Content starts

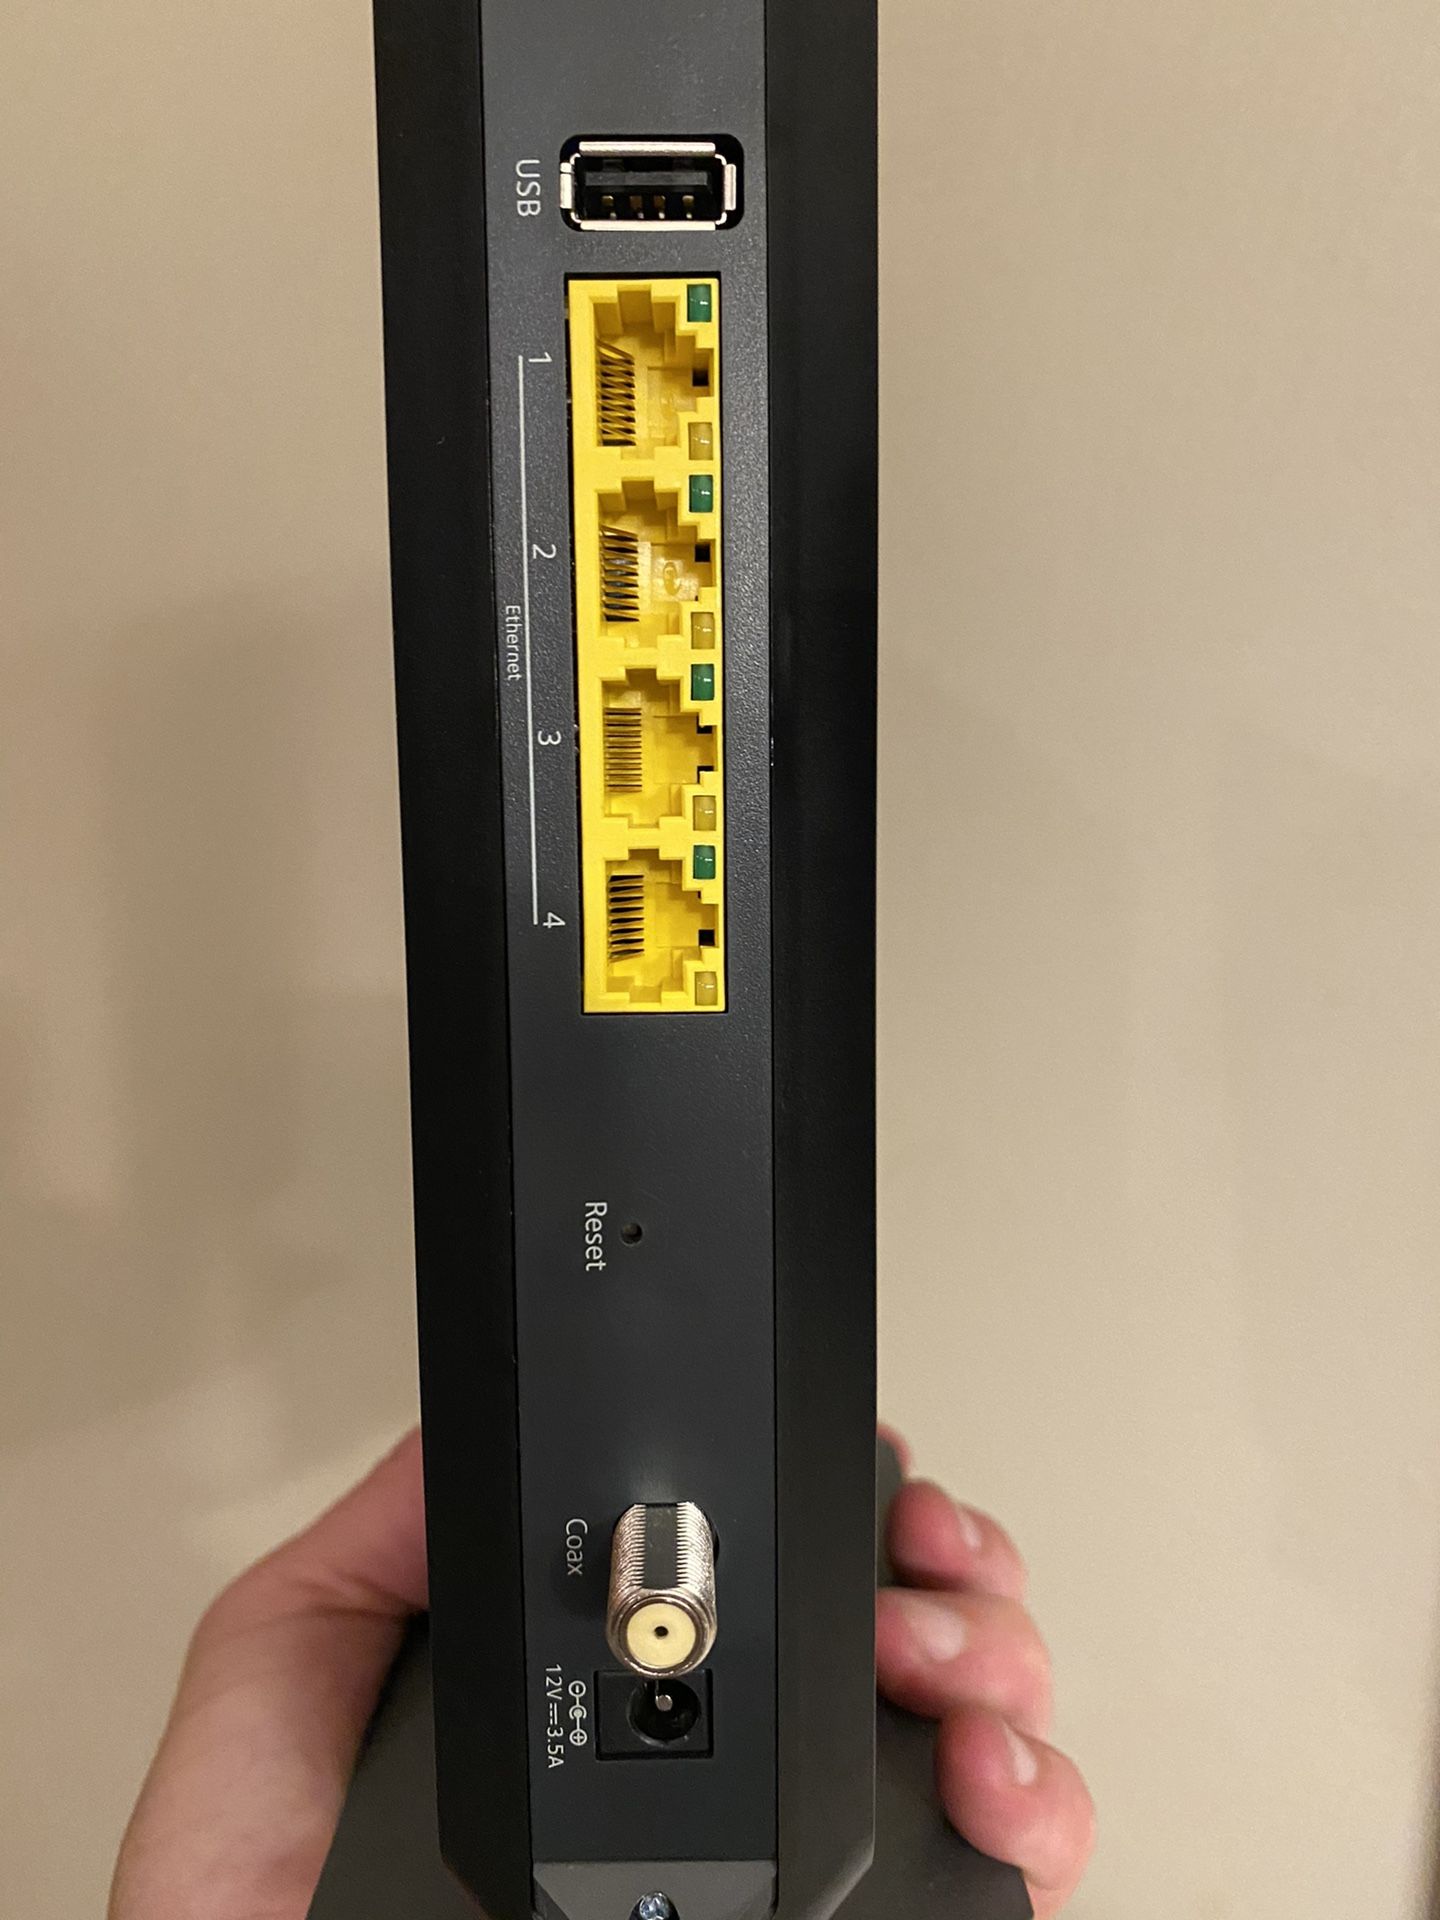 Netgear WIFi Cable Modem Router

Content ends
Content starts

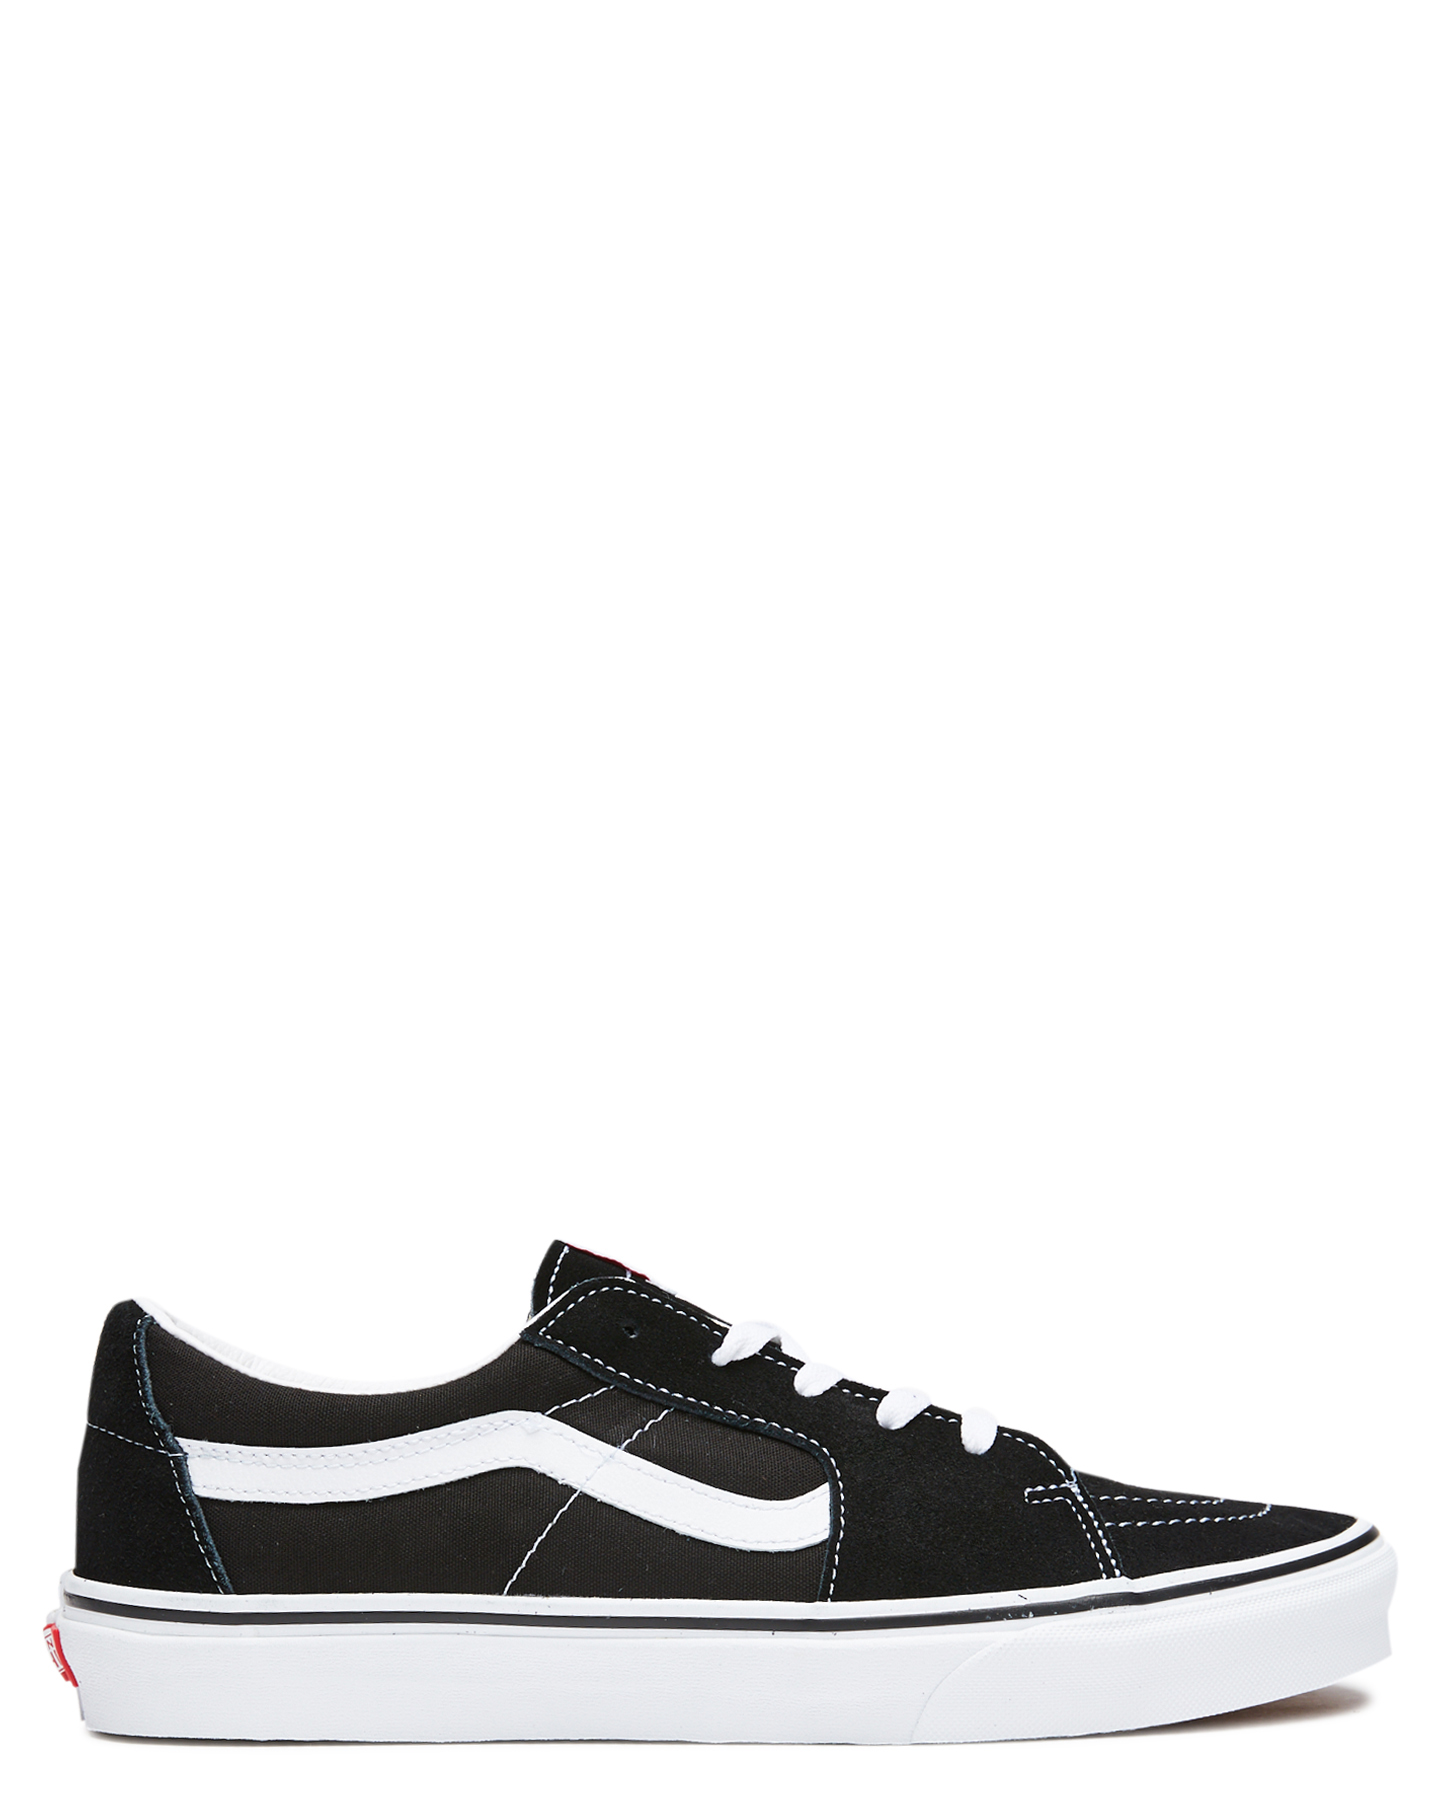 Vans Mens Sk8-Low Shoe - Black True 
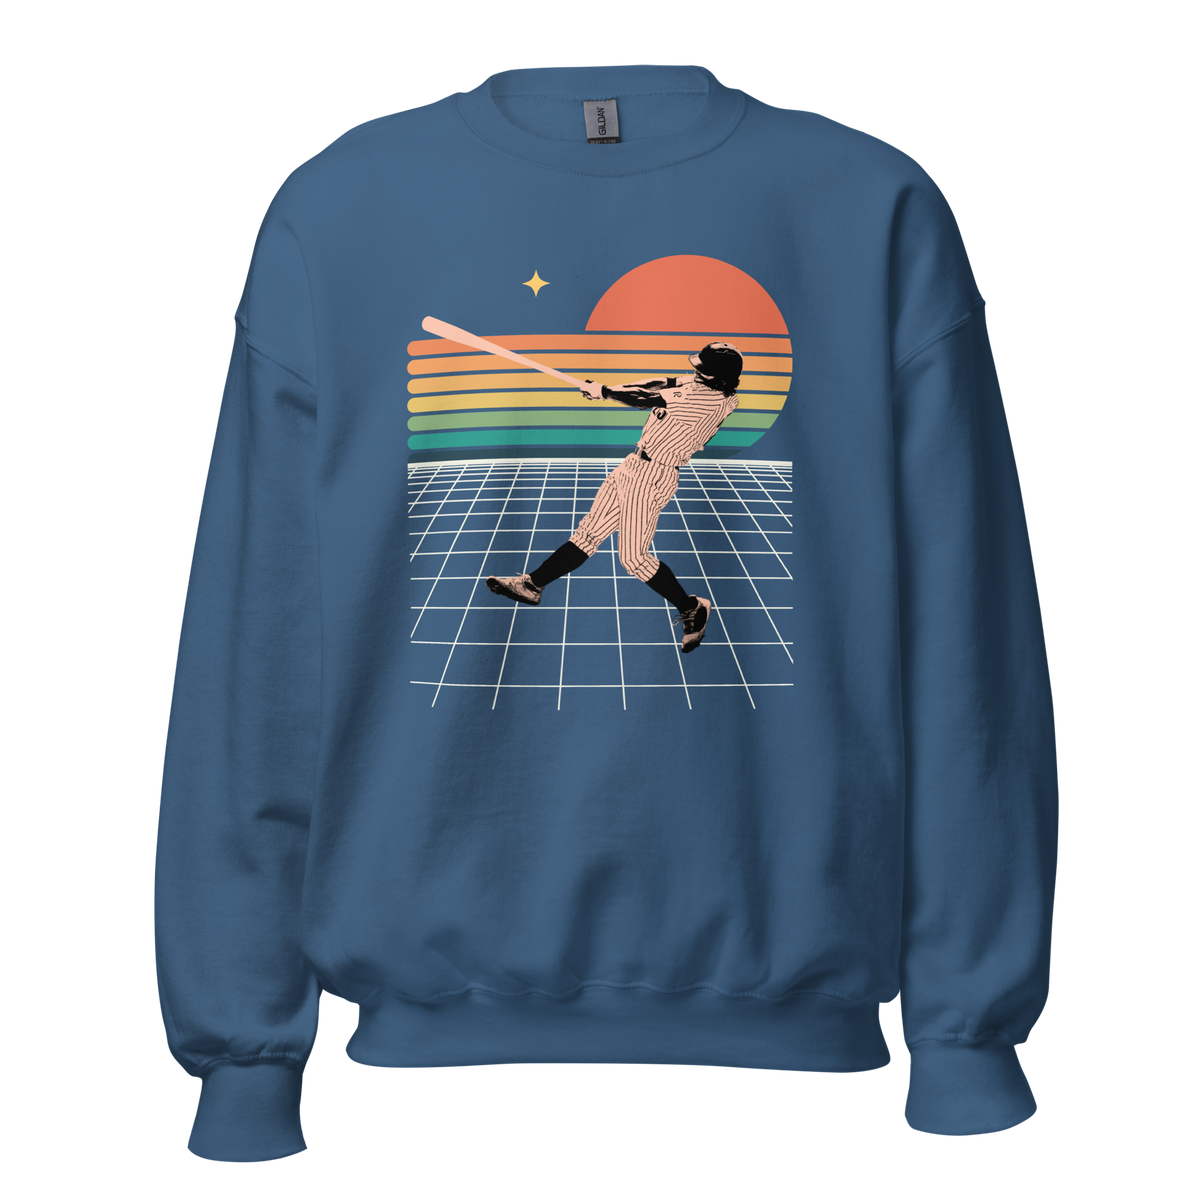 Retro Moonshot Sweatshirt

Content ends
Content starts

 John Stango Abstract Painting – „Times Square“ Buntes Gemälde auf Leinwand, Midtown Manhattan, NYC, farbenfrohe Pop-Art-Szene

Content ends

**TASK REQUIREMENTS:** From the material above, give again exactly the lines from the one that contains "Vans Mens Sk8-Low Shoe - Black True" through the one that contains "Retro Moonshot Sweatshirt", and leave out the pictures.

**ANSWER TO THIS EXERCISE:**
 Vans Mens Sk8-Low Shoe - Black True 
 Retro Moonshot Sweatshirt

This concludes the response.